The Economic and Financial Affairs Council (Ecofin) is this week expected to state its position on the rules establishing the single resolution authority and fund, the pillars of the future EU banking strategy.
The council is making progress in discussions on banking union, but council members haven't reached a final agreement on allowing for "ordered failure" of a bank. Finance ministers are considering giving most power in bank-failure decisions to a board that would operate separately from the European Commission while leaving ultimate control to ministers acting as the Ecofin council. An Ecofin meeting to finalise the decision takes place on Wednesday, ahead of a summit on Thursday and Friday.
“On the Single Resolution Mechanism, we have no formal result in our pocket or on the table but we made a huge leap forward defining the concrete directions and schemes,” Lithuanian finance minister and current chair of the Ecofin council Rimantas Šadžius said.
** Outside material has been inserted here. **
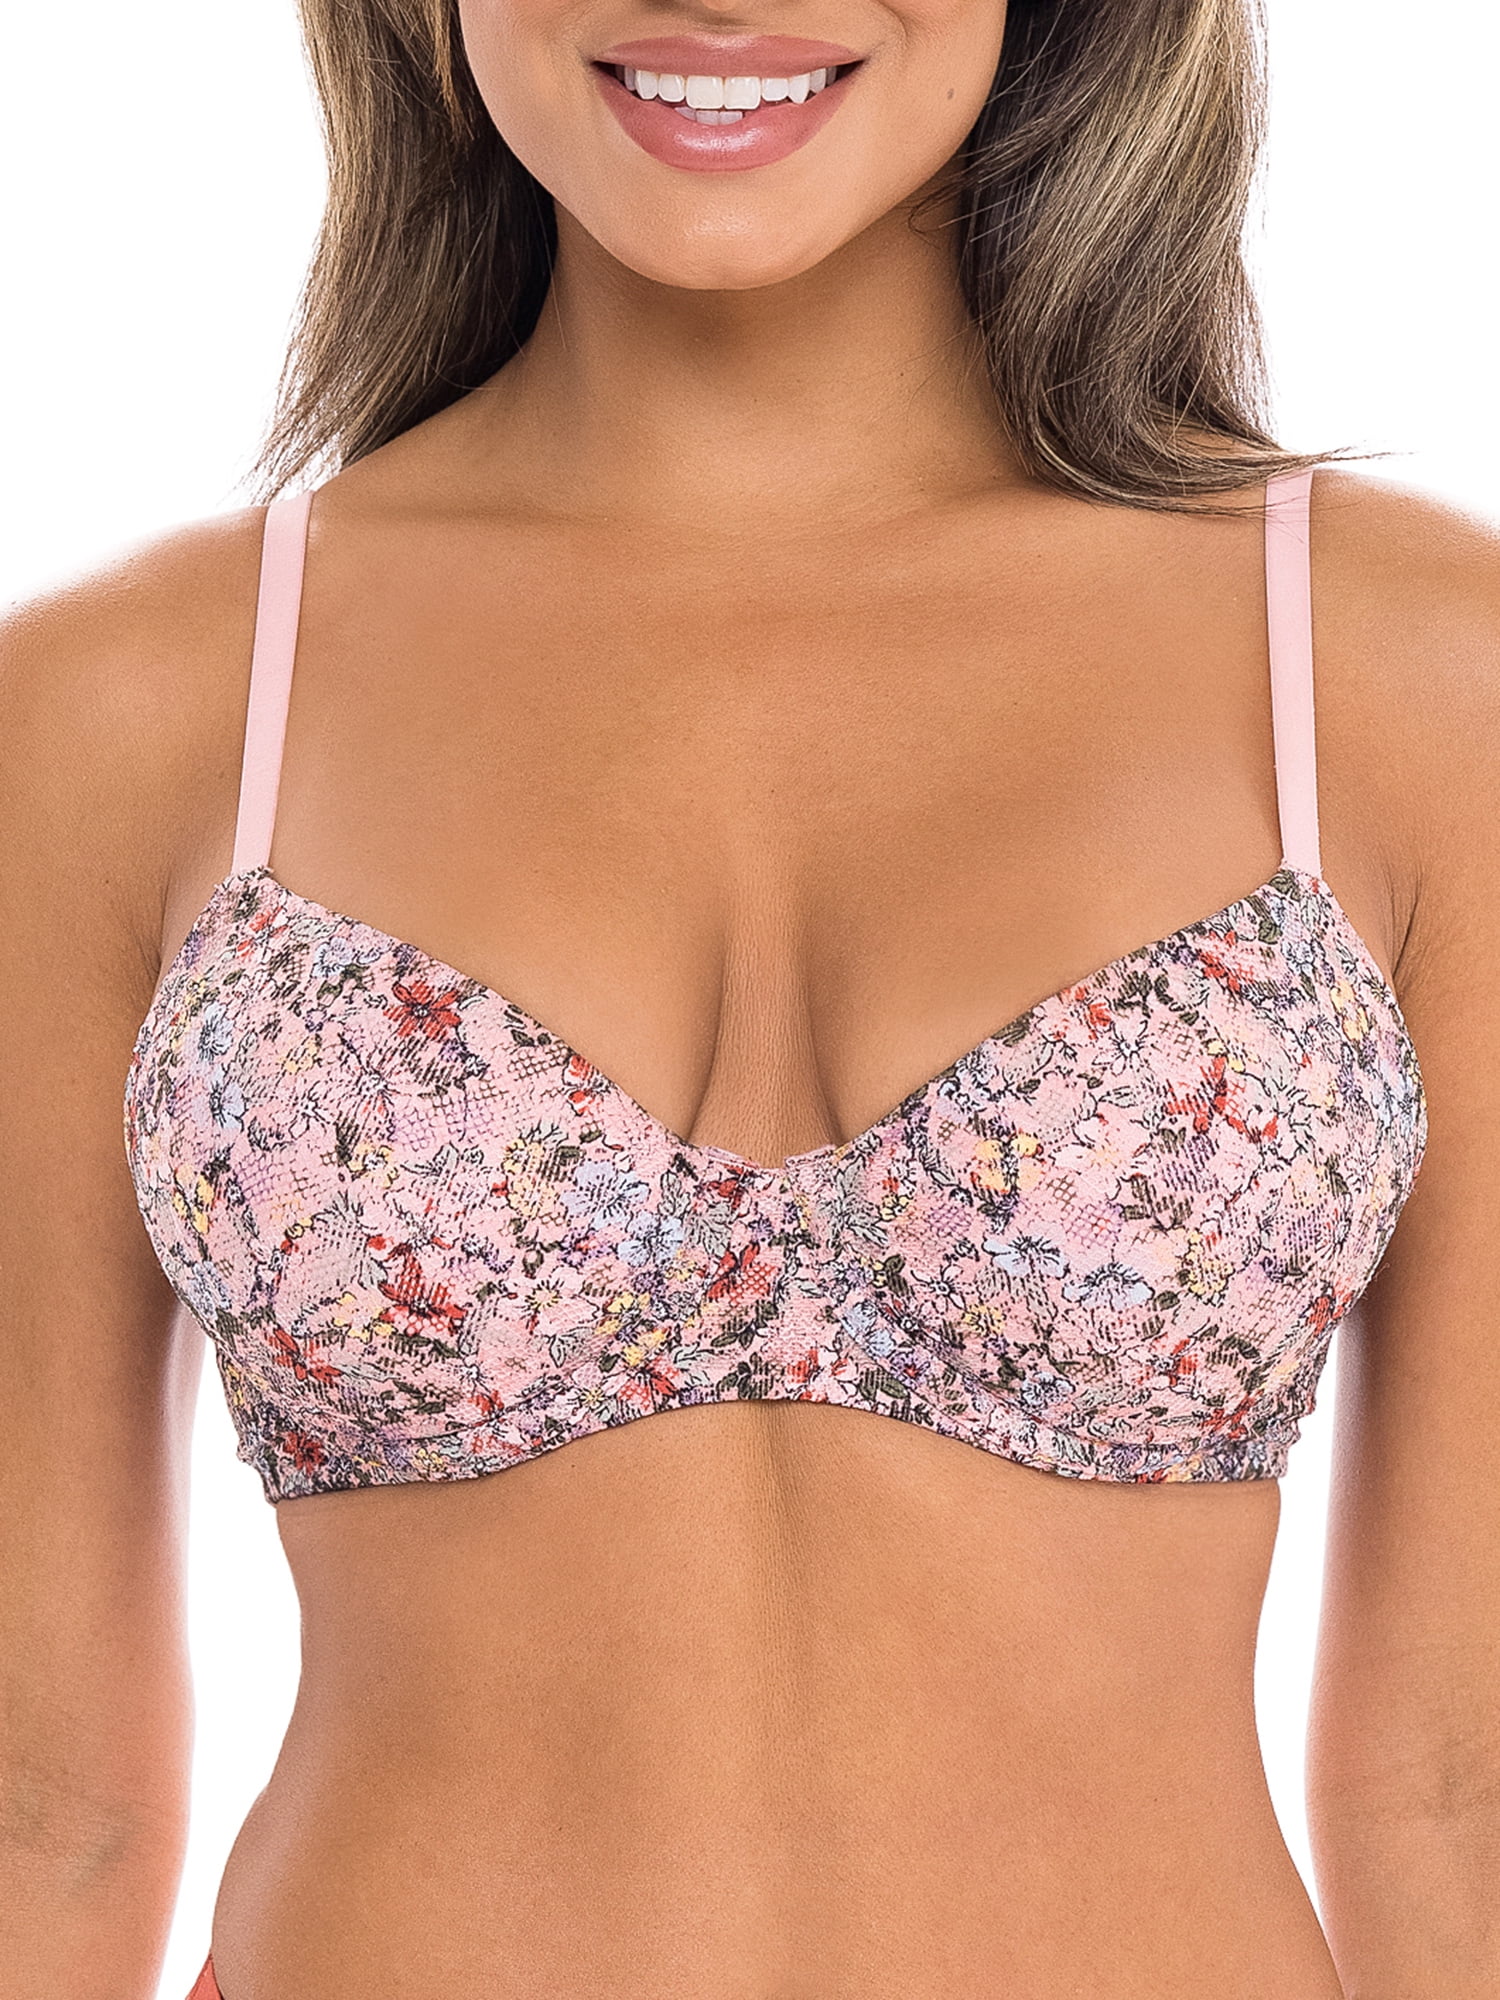 No Boundaries Women's and Juniors' Allover Lace Push Up Bra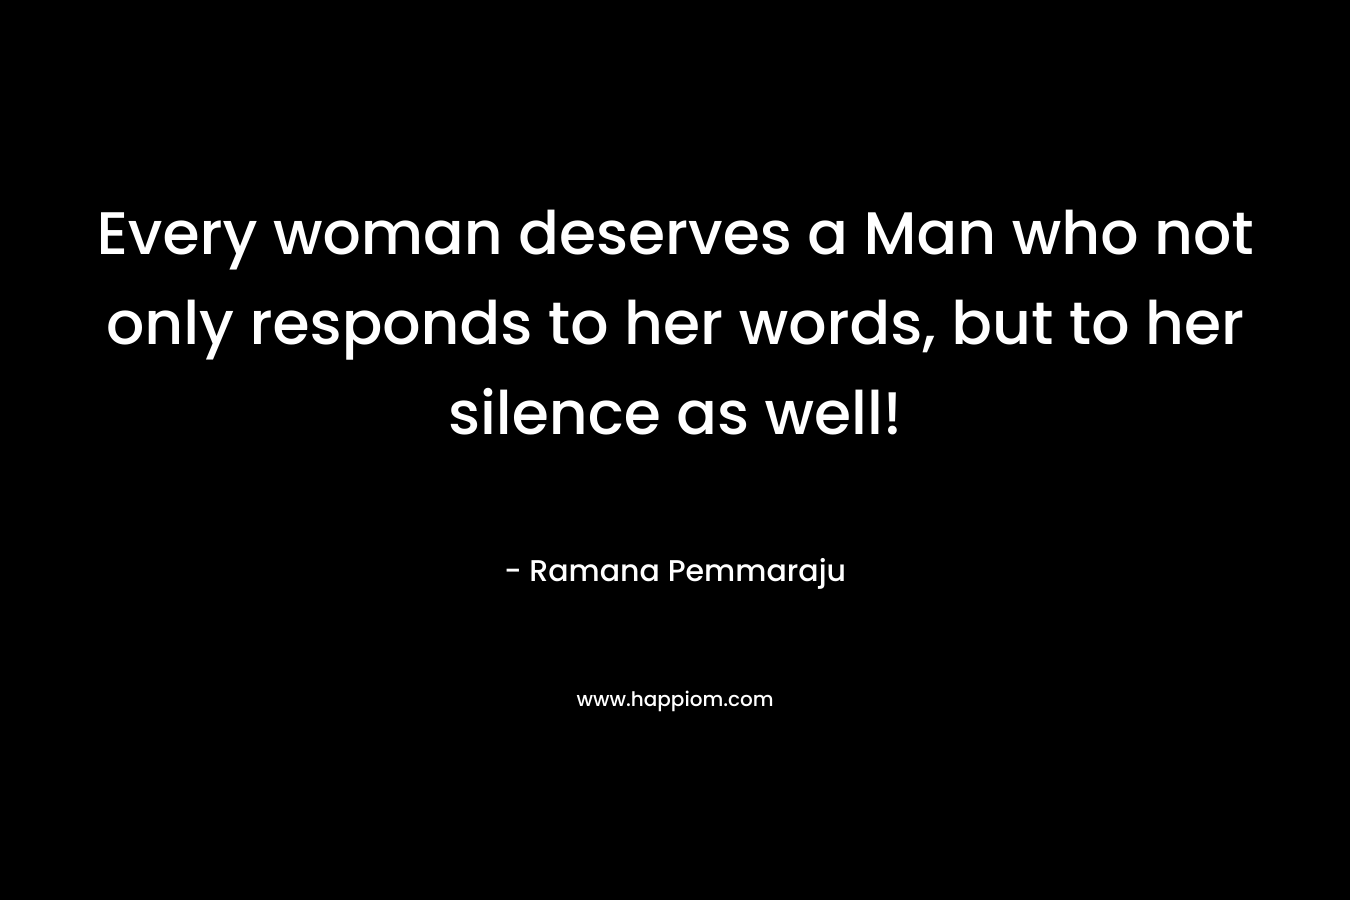 Every woman deserves a Man who not only responds to her words, but to her silence as well!

All countries now accept the principle that if banks get into difficulty, then it will not be the taxpayer but the investors and creditors that bear the costs.
Meanwhile, a symposium on the “financialisation of society” is taking place at TCD tomorrow. It has been argued that there is a negative relationship between the rate of growth of finance and the rate of growth of total factor productivity, something which the symposium will examine. It will also look at whether excessive growth in the financial sector can have a negative impact on economic growth.